‘Hypothesis’ is a word I see being thrown around social media; sometimes it just doesn’t sit right. This inspired me to look into various technical resources to see if any types of hypothesis actually fit the use I saw so many insisting was “correct”. This article hopes to address the use of hypothesis in the colloquial setting, give more detail around the common misconception, and provide details about the various types of hypothesis.
The problem with the way hypothesis is being used is that it is a technical term, primarily used in science and statistics, so it has a contextually correct definition/set of parameters. What compounds the issue is, that most who are using the term think they are doing it in a technical way. This might lead them to assume there is a null hypothesis to the “hypothesis” they are discussing.

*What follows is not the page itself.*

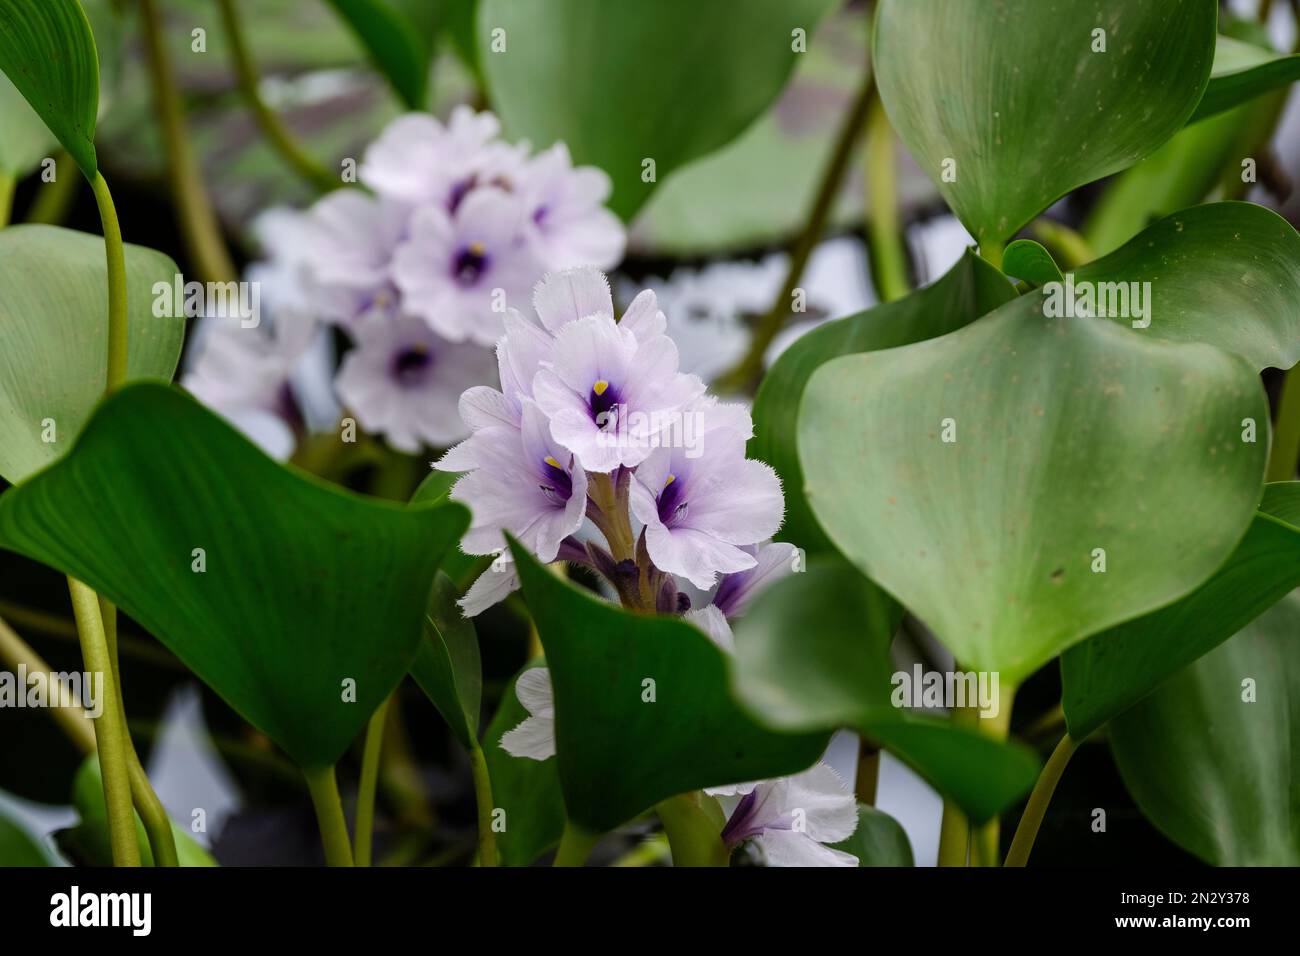 Eichhornia azurea, jacinthe d'eau ancrée, flottant ou submergé, aquatique vivace, fleurs bleu pâle avec des gorges à pois jaunes et violet foncé Banque D'Images

- The Common Misconception
- What is a Hypothesis?
- Types of Hypothesis
- Causal hypothesis
- Relational Hypothesis / correlative hypothesis / associative hypothesis
- The descriptive hypothesis/tentative law.
- Statistical hypothesis
- Null and alternative hypothesis.
- Simply Complex
- Quick Recap on the Types of Hypothesis
- Fundamental qualities of a hypothesis
- What would we call a Non-Falsifiable Hypothesis?
The Common Misconception
The most common misconception I see is that “a hypothesis is just an idea or explanation about the natural world” and you can forgive this misconception because if you only do a search for a definition and stop there, you don’t get much more information than that.
As is often the case with these simplistic definitions of technical language, they miss the actual context and application of these terms. You can see here that one of the synonyms is conjecture, an opinion formed on incomplete information. But that doesn’t really describe what a hypothesis is, and how it is used/applied.
What is a Hypothesis?
A hypothesis is an explanation of an observation of some feature of the natural world or dataset that suggests a relationship between two (or more) variables. The hypothesis, whilst not a prediction itself, has a predictive quality that, if the hypothesis is supported, we can expect to see.
What is a Variable?
A variable is an element, feature, or factor that has the ability to change.
How does a variable fit in the hypothesis framework?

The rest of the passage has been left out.